== AIM OF THE EXERCISE ==
What you return has to match the listing below line for line.

[Opening SOURCE INFORMATION section]

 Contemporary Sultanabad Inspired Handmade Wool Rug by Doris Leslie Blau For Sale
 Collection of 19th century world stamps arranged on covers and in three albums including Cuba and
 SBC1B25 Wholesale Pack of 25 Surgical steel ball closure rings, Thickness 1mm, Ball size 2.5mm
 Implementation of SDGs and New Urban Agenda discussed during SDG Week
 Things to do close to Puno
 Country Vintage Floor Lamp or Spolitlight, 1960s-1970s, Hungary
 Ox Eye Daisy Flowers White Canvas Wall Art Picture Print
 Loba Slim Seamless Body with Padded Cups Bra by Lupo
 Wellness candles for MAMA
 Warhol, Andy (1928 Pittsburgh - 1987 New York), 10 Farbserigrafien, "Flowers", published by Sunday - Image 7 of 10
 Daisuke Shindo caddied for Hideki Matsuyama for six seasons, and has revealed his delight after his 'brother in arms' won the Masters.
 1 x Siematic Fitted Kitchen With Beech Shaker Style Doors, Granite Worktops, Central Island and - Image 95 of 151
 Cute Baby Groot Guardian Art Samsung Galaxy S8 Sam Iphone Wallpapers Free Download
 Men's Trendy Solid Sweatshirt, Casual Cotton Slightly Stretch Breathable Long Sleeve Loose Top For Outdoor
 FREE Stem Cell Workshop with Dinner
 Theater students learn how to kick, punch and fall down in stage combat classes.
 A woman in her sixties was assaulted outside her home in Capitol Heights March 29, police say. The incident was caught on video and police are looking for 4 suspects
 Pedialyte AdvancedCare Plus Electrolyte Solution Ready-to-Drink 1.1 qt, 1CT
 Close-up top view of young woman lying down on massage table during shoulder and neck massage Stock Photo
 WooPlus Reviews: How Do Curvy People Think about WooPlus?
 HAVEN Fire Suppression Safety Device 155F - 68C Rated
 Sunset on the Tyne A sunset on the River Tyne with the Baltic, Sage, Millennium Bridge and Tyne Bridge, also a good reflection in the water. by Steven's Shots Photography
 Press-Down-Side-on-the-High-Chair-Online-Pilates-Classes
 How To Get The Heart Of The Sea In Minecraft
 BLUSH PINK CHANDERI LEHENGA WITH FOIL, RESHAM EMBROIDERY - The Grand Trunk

[Closing SOURCE INFORMATION section]

== COMPLETED EXERCISE ==
 Contemporary Sultanabad Inspired Handmade Wool Rug by Doris Leslie Blau For Sale
 Collection of 19th century world stamps arranged on covers and in three albums including Cuba and
 SBC1B25 Wholesale Pack of 25 Surgical steel ball closure rings, Thickness 1mm, Ball size 2.5mm
 Implementation of SDGs and New Urban Agenda discussed during SDG Week
 Things to do close to Puno
 Country Vintage Floor Lamp or Spolitlight, 1960s-1970s, Hungary
 Ox Eye Daisy Flowers White Canvas Wall Art Picture Print
 Loba Slim Seamless Body with Padded Cups Bra by Lupo
 Wellness candles for MAMA
 Warhol, Andy (1928 Pittsburgh - 1987 New York), 10 Farbserigrafien, "Flowers", published by Sunday - Image 7 of 10
 Daisuke Shindo caddied for Hideki Matsuyama for six seasons, and has revealed his delight after his 'brother in arms' won the Masters.
 1 x Siematic Fitted Kitchen With Beech Shaker Style Doors, Granite Worktops, Central Island and - Image 95 of 151
 Cute Baby Groot Guardian Art Samsung Galaxy S8 Sam Iphone Wallpapers Free Download
 Men's Trendy Solid Sweatshirt, Casual Cotton Slightly Stretch Breathable Long Sleeve Loose Top For Outdoor
 FREE Stem Cell Workshop with Dinner
 Theater students learn how to kick, punch and fall down in stage combat classes.
 A woman in her sixties was assaulted outside her home in Capitol Heights March 29, police say. The incident was caught on video and police are looking for 4 suspects
 Pedialyte AdvancedCare Plus Electrolyte Solution Ready-to-Drink 1.1 qt, 1CT
 Close-up top view of young woman lying down on massage table during shoulder and neck massage Stock Photo
 WooPlus Reviews: How Do Curvy People Think about WooPlus?
 HAVEN Fire Suppression Safety Device 155F - 68C Rated
 Sunset on the Tyne A sunset on the River Tyne with the Baltic, Sage, Millennium Bridge and Tyne Bridge, also a good reflection in the water. by Steven's Shots Photography
 Press-Down-Side-on-the-High-Chair-Online-Pilates-Classes
 How To Get The Heart Of The Sea In Minecraft
 BLUSH PINK CHANDERI LEHENGA WITH FOIL, RESHAM EMBROIDERY - The Grand Trunk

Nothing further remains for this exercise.